Dari sisi mitra internasional, Managing Partner Explore Portugal, Hugo Belem, menilai Indonesia memiliki prospek besar sebagai pasar wisata outbound ke Eropa, khususnya ke Portugal dan Spanyol. Menurutnya, tren wisatawan Indonesia ke Eropa menunjukkan pertumbuhan positif.
“Pasar Indonesia sangat menjanjikan. Banyak wisatawan yang ingin menjelajahi Eropa, dan Portugal maupun Spanyol bisa menjadi pilihan yang berbeda dan menarik,” katanya.
Hugo juga menyoroti kedekatan historis antara Portugal dan Indonesia yang sudah terjalin sejak abad ke-15 dan ke-16. Jejak sejarah tersebut, menurutnya, masih bisa ditelusuri di Lisbon yang dahulu menjadi salah satu titik awal pelayaran menuju Asia Tenggara.

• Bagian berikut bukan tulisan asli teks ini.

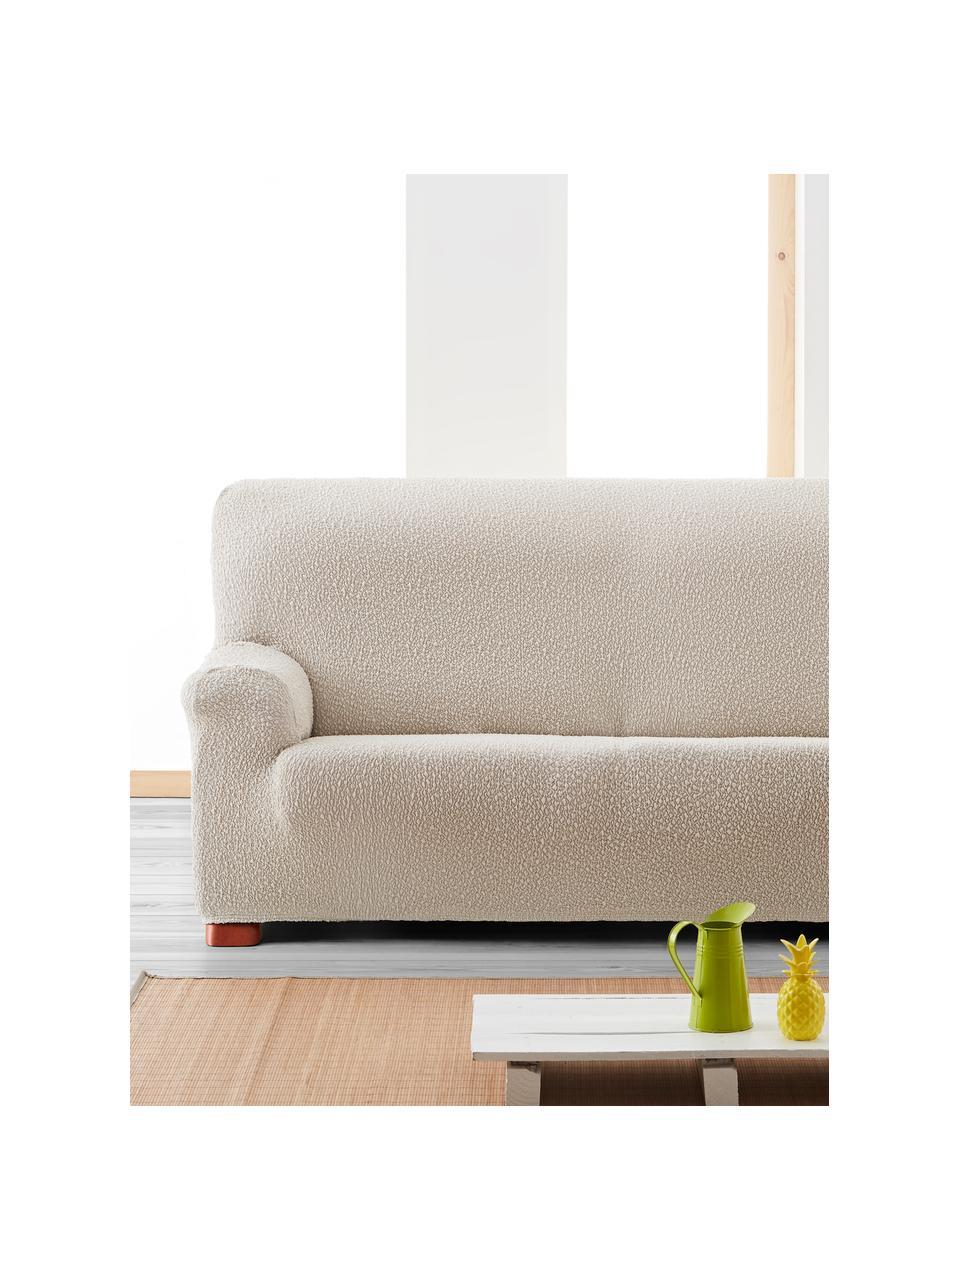 Copertura divano Roc, 55% poliestere, 35% cotone, 10% elastomero, Color crema, Larg. 200 x Alt. 120 cm

Ia menambahkan, kedua negara di Semenanjung Iberia itu cocok bagi wisatawan Indonesia yang sudah beberapa kali berkunjung ke Eropa dan ingin merasakan pengalaman baru. Sejumlah biro perjalanan Indonesia pun mulai memasarkan paket ke Portugal dan Spanyol, meski masih membutuhkan mitra lokal yang memahami operasional destinasi secara mendalam.
Melalui forum seperti TTC Travel Mart, kolaborasi semacam ini diharapkan semakin mudah terjalin, sekaligus membuka peluang bisnis baru antara pelaku industri pariwisata Indonesia dan mancanegara.